通过在聚酰胺6纳米纤维膜(Cu-CAT@PA6 NM)表面原位生长铜基金属有机框架(Cu-CAT)作为亲水光热层,聚苯乙烯纳米纤维膜掺杂相变胶囊作为储热保温层,聚偏氟乙烯树状纳米纤维膜作为疏水支撑层,构建了一种新型纳米纤维复合膜,具有双机制增强能效,可用于高效光热膜蒸馏。Cu-CAT 的刺状结构具有很高的光热效率,Cu-CAT@PA6 NM 的表面温度可达 68 ℃。蓬松的中间层可以储存光热层产生的热能,减少向渗透侧的热扩散。这种构造共同增大了跨膜温差,提高了能量效率,从而改善了渗透通量。此外,支撑层还为 PMD 提供了必要的抗湿润性和长期稳定性。在 1 kw-m-2 光照、进水/渗透侧温度为 25 °C/20 °C 的条件下,光热相变纳米纤维复合膜达到了 1.60 kg m-2 h-1 的显著渗透通量,同时盐分去除率为 99.99 %,能量利用效率为 81.50 %。更重要的是,经过 7 天的连续测试,渗透通量始终保持在 1.15 kg m-2 h-1 的高水平,盐分去除率保持在 99.99 % 以上,证明了该膜的耐用性。
本文章由计算机程序翻译,如有差异,请以英文原文为准。

Dual-mechanism enhanced energy efficiency of nanofiber composite membrane for photothermal membrane distillation

Dual-mechanism enhanced energy efficiency of nanofiber composite membrane for photothermal membrane distillation
A novel nanofiber composite membrane with dual-mechanism enhanced energy efficiency for efficient photothermal membrane distillation was constructed, by in-situ growth of copper-based metal-organic framework (Cu-CAT) on the surface of polyamide 6 nanofiber membrane (Cu-CAT@PA6 NM) as hydrophilic photothermal layer, polystyrene nanofiber membrane doped with phase change capsule as heat storage and insulation layer, polyvinylidene fluoride tree-like nanofiber membrane as hydrophobic support layer. The spiny structure of Cu-CAT has high photothermal efficiency, and the surface temperature of the Cu-CAT@PA6 NM reaches 68 °C. The fluffy middle layer can store heat energy generated by the photothermal layer, and reduce the heat diffusion to the permeation side. This configuration collaboratively heightens the transmembrane temperature difference, improves the energy efficiency, and thus improves the permeation flux.
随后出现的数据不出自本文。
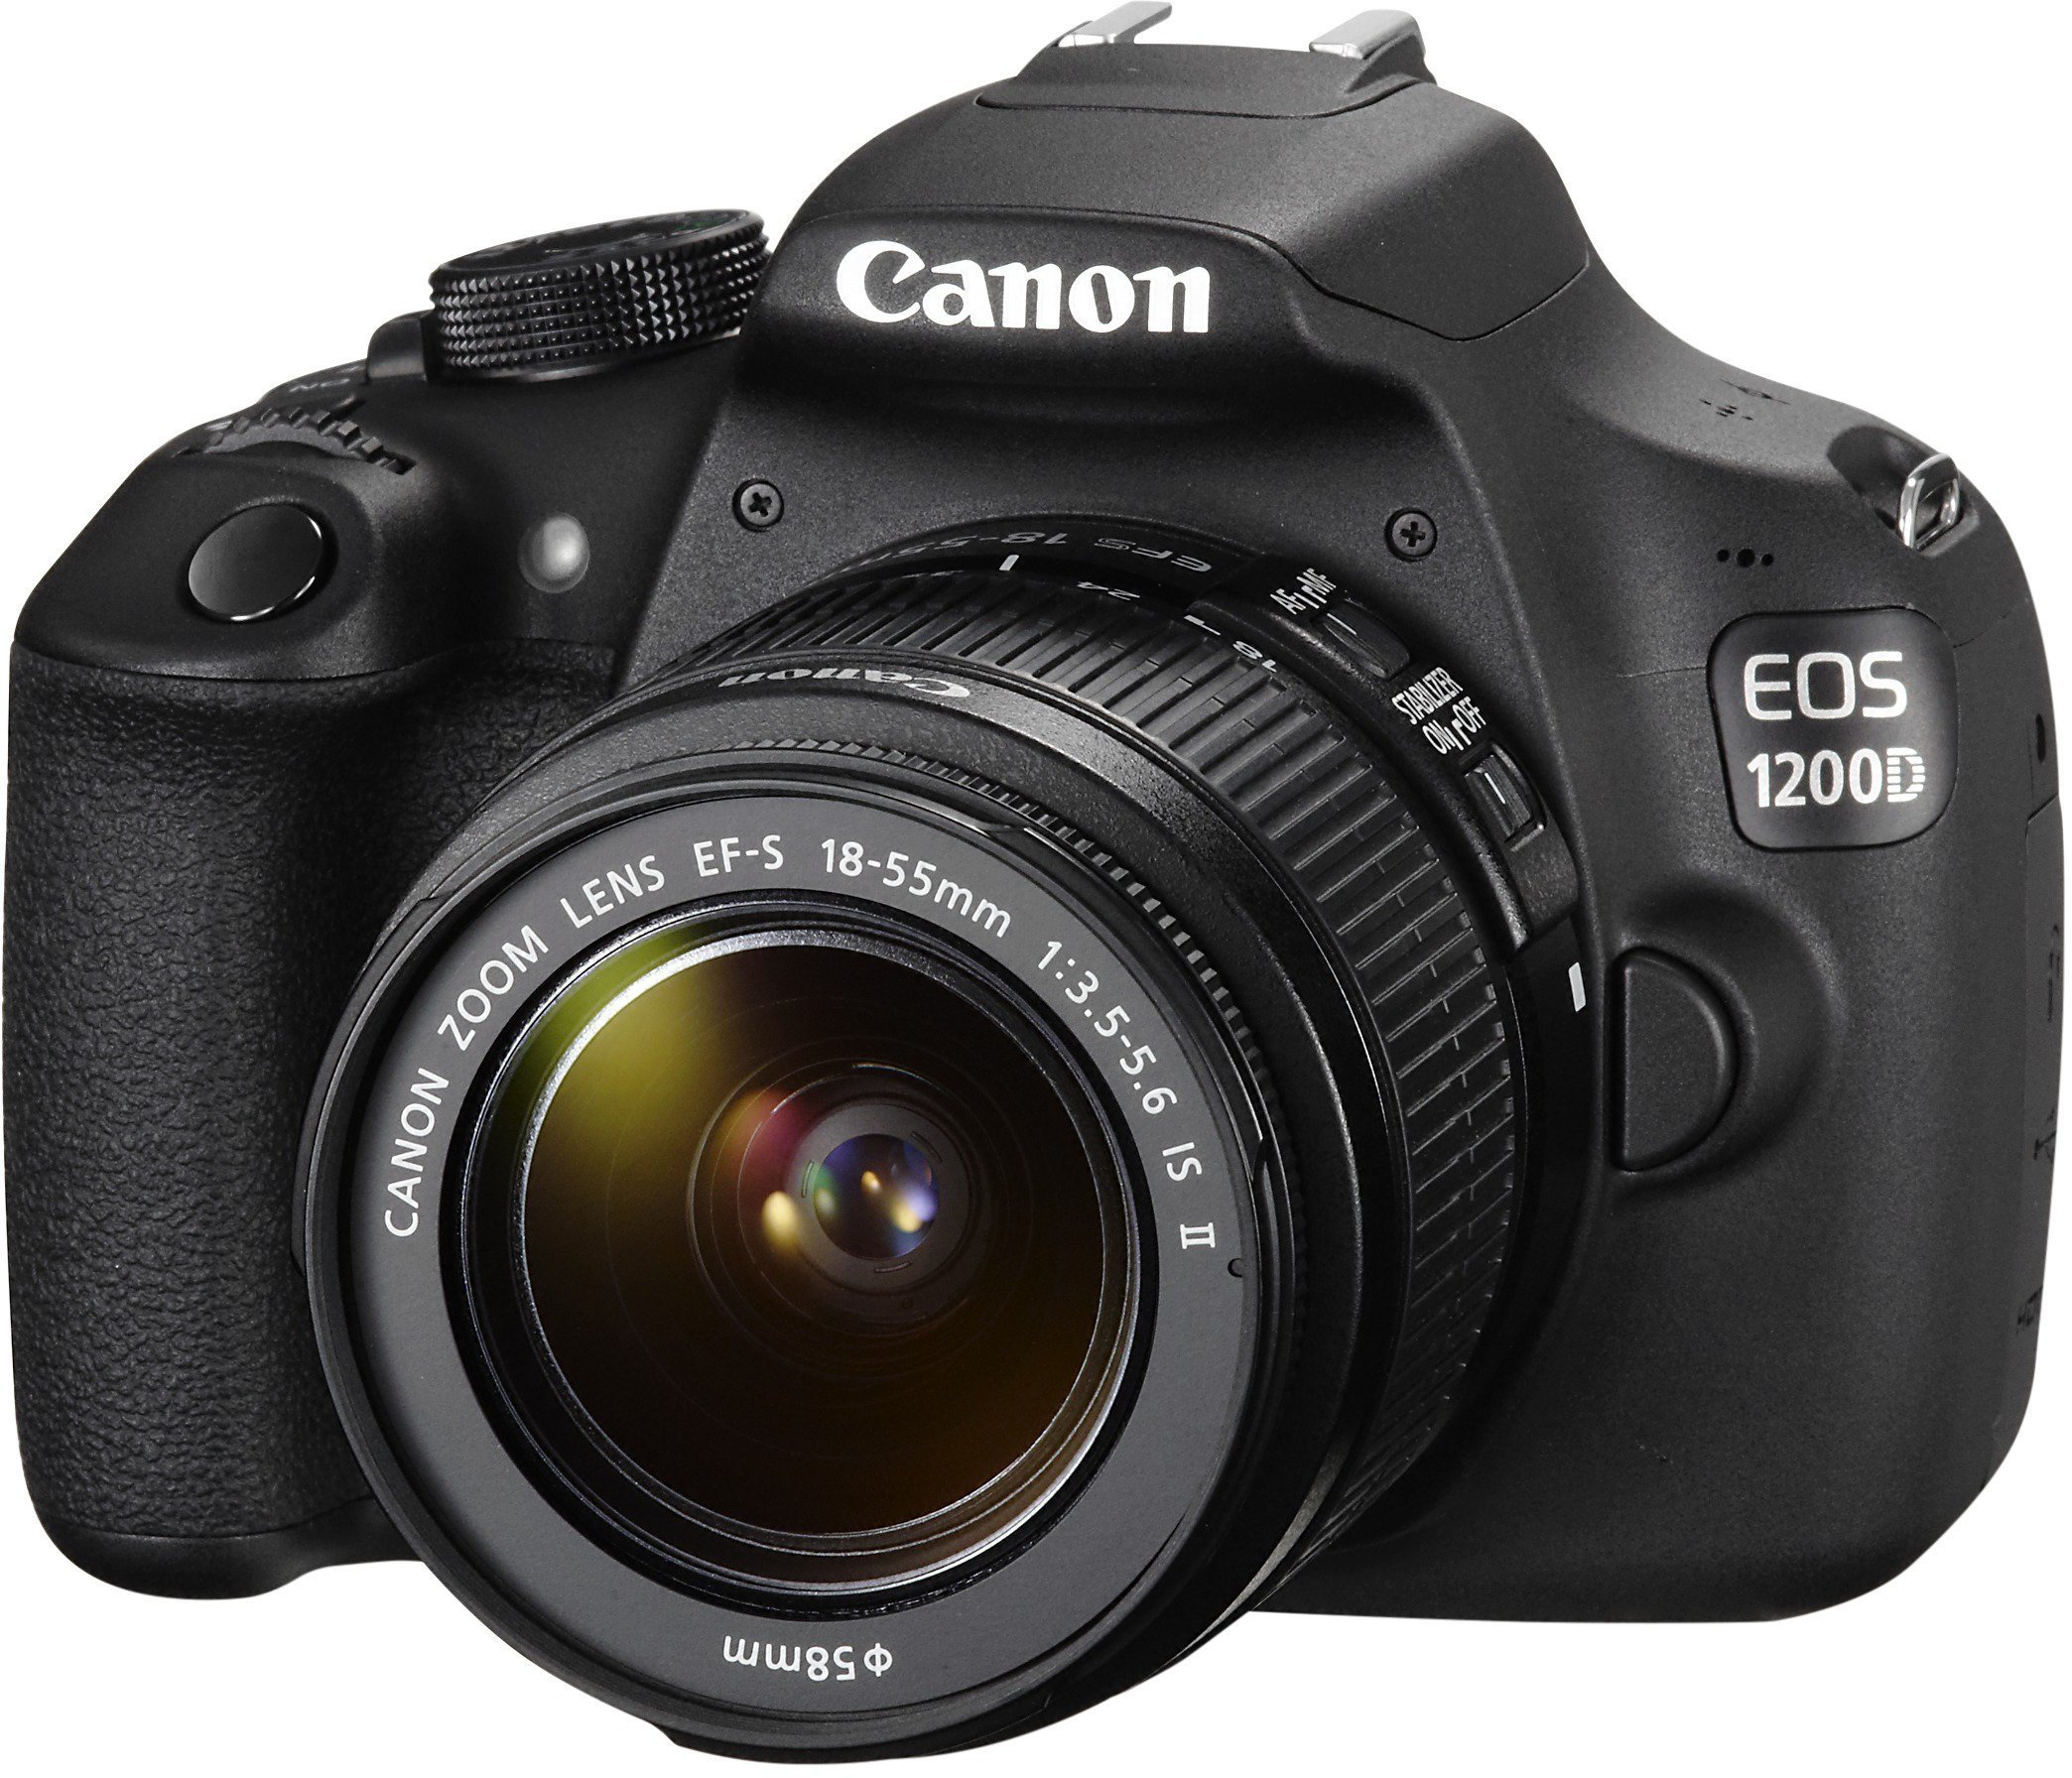 Canon Eos 1200D Expert

Furthermore, the support layer confers the essential resistance to wettability and long-term stability for PMD. Under 1 kw·m−2 illumination, feed/permeation side temperature of 25 °C/20 °C, the photothermal phase change nanofiber composite membrane achieved a remarkable permeation flux of 1.60 kg m−2 h−1, coupled with a salt rejection rate of 99.99 %, and the energy utilization efficiency of 81.50 %. More importantly, after 7 days of continuous testing, the permeation flux remained consistently high at 1.15 kg m−2 h−1, with salt rejection maintaining above 99.99 %, demonstrating the membrane's durability.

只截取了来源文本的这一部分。